Return each line below holding the string "Note".

Task input Start Marker

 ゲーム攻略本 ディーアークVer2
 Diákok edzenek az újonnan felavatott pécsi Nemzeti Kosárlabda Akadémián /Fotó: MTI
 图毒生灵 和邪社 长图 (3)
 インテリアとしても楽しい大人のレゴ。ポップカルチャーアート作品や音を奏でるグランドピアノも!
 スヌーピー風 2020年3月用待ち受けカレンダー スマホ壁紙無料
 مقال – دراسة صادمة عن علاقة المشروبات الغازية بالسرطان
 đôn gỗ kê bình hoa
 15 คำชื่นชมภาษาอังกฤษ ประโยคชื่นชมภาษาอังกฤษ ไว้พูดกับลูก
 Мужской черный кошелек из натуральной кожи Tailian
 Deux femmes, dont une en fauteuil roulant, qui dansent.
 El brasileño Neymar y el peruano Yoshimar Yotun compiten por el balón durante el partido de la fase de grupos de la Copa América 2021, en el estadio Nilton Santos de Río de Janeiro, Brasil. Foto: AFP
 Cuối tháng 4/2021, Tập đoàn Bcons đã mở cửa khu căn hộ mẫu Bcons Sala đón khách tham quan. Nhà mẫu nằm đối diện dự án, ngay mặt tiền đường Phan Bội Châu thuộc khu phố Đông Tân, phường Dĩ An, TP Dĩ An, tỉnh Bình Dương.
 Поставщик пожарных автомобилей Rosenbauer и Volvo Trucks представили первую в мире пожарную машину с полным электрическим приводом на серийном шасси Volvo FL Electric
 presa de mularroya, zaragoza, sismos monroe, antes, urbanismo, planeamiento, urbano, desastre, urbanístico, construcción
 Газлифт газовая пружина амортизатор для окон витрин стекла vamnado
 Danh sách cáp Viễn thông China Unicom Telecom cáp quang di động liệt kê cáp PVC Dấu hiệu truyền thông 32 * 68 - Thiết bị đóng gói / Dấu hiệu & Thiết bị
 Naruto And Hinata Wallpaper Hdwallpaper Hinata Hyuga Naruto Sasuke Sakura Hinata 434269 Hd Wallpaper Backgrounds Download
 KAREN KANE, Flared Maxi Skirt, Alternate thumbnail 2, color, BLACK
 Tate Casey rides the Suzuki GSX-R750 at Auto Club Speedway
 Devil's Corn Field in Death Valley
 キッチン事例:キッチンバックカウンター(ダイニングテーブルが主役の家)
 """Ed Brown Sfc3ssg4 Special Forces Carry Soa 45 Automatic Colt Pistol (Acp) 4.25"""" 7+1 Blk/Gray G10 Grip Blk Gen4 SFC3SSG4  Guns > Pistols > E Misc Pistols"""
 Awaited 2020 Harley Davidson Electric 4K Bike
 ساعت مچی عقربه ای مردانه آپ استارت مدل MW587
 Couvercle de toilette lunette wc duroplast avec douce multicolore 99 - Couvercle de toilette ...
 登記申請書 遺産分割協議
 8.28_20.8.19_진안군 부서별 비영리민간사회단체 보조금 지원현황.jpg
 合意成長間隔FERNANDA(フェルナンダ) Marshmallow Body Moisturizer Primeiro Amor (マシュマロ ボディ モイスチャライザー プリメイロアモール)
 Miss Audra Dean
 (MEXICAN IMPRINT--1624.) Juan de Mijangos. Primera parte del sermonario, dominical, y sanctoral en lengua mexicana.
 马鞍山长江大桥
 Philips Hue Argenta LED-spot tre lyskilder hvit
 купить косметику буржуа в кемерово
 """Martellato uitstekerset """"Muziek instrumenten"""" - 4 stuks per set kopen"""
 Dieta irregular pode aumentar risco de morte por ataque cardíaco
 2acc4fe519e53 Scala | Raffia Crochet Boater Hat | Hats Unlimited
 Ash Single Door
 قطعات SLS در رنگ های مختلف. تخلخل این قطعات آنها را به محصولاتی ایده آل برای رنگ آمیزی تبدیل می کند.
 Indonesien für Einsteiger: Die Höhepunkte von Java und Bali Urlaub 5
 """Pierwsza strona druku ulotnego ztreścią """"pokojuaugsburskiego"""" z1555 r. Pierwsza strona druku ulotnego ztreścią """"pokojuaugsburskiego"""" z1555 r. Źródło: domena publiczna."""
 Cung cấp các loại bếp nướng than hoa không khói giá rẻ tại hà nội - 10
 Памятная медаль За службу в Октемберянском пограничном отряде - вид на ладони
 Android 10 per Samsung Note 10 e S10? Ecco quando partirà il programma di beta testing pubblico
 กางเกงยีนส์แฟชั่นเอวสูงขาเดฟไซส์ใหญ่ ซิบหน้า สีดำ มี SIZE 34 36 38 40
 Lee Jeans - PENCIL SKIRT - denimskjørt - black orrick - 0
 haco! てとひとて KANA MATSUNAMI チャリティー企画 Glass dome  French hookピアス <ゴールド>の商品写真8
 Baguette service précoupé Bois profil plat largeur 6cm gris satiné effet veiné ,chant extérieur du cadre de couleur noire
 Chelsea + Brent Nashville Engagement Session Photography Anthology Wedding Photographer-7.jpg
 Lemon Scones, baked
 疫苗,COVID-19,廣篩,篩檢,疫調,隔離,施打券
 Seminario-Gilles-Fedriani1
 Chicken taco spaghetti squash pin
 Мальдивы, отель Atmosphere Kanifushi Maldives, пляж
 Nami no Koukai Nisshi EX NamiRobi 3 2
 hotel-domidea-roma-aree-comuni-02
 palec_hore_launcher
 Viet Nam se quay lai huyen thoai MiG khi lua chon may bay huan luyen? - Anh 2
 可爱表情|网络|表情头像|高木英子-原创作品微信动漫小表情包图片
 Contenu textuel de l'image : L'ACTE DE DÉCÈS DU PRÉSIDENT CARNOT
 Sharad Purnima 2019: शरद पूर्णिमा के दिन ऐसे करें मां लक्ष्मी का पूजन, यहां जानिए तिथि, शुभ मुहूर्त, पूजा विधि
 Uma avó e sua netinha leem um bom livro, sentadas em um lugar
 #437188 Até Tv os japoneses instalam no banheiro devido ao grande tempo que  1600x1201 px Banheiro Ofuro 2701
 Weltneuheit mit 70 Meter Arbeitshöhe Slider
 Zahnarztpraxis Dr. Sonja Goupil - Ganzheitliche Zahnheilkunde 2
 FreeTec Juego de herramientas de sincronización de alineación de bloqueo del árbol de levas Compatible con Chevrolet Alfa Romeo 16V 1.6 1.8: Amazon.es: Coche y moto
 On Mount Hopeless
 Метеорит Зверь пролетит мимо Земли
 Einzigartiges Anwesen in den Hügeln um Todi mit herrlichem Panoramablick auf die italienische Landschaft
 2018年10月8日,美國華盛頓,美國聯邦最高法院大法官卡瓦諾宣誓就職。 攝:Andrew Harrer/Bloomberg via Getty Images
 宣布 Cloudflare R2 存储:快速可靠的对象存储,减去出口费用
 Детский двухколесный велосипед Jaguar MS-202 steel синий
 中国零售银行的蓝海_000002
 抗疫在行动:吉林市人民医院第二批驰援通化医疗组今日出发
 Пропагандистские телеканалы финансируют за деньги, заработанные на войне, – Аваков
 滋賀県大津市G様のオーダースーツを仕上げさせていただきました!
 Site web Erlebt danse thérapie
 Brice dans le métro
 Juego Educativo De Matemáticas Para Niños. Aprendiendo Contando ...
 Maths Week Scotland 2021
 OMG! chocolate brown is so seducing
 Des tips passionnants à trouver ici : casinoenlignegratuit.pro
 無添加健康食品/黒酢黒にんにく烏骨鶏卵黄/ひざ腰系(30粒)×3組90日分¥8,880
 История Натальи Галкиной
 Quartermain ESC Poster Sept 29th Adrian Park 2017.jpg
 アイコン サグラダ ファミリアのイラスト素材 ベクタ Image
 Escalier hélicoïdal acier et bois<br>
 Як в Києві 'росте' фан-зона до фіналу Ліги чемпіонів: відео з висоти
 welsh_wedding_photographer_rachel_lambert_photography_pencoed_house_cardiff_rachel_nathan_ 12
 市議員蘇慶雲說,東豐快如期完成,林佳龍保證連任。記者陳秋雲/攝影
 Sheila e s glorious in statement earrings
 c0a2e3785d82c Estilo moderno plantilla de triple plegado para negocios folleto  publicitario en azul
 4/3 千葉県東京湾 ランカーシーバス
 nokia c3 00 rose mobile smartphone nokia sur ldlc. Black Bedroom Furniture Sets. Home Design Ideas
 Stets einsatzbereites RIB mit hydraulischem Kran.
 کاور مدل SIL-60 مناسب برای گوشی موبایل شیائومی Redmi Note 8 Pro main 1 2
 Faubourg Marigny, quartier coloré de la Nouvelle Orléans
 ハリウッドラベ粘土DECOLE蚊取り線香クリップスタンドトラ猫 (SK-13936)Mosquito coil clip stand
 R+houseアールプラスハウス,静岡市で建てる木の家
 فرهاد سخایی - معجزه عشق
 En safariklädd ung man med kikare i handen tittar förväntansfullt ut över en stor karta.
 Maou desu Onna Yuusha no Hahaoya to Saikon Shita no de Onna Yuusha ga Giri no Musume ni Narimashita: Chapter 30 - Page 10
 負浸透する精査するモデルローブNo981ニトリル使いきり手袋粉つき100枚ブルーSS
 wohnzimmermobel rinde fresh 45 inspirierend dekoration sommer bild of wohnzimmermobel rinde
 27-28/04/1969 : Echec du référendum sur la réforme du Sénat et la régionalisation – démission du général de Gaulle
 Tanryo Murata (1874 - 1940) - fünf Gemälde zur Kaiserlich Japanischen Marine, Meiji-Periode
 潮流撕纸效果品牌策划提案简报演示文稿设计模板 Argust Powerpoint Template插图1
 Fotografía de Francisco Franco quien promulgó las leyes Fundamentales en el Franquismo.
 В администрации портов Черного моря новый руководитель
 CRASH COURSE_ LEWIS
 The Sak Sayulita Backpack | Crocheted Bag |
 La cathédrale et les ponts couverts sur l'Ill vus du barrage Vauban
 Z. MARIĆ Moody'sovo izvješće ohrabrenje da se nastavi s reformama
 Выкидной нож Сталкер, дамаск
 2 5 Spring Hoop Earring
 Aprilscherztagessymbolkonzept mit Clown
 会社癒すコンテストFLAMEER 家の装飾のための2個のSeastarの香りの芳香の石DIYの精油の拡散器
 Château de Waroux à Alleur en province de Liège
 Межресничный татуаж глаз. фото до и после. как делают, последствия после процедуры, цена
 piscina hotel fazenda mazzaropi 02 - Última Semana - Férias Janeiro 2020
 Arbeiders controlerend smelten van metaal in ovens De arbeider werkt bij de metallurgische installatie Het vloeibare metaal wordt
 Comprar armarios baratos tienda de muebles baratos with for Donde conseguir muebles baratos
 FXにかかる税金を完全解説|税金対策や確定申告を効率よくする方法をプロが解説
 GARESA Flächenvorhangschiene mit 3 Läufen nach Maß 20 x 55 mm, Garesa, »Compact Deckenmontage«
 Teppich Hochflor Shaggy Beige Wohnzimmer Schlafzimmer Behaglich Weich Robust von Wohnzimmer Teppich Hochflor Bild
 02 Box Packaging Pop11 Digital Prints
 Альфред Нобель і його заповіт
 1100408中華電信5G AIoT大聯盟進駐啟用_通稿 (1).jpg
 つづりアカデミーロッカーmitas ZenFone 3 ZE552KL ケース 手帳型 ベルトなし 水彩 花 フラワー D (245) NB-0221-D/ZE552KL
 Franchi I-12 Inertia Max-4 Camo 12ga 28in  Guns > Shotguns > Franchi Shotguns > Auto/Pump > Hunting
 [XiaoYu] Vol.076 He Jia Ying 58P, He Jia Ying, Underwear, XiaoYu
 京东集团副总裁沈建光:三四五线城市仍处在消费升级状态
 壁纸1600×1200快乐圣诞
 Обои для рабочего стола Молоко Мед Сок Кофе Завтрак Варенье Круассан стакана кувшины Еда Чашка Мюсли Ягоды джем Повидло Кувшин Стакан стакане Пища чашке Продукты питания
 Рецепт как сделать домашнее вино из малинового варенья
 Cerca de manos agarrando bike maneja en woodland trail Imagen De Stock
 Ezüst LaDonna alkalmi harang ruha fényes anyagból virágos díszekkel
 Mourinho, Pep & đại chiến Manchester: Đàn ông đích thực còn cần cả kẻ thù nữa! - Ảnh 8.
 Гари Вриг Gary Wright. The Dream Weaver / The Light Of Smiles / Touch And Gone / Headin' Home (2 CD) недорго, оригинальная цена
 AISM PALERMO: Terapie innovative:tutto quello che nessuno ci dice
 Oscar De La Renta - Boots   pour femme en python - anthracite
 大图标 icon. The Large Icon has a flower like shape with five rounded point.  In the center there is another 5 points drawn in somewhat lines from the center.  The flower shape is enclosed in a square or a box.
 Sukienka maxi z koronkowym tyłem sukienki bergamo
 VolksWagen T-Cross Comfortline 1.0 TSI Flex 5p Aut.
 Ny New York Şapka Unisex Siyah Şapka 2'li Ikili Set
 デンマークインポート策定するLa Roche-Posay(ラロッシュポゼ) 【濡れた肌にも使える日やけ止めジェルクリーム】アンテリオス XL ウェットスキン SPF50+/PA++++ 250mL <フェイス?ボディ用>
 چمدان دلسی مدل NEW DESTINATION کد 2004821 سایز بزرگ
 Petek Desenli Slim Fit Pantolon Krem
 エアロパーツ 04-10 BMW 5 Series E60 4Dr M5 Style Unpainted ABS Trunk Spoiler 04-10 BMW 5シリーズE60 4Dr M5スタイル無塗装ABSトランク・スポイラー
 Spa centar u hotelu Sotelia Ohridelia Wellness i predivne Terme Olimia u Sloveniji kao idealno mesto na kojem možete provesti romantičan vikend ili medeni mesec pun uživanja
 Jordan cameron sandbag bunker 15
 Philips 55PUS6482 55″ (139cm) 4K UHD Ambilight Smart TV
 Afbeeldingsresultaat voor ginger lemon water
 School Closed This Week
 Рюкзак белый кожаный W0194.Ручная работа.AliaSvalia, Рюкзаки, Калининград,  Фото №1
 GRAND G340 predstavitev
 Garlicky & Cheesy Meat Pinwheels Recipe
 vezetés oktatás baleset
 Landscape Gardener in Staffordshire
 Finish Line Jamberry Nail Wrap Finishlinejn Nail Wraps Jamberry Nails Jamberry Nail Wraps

Task input End Marker

Completed exercise:
 Android 10 per Samsung Note 10 e S10? Ecco quando partirà il programma di beta testing pubblico
 کاور مدل SIL-60 مناسب برای گوشی موبایل شیائومی Redmi Note 8 Pro main 1 2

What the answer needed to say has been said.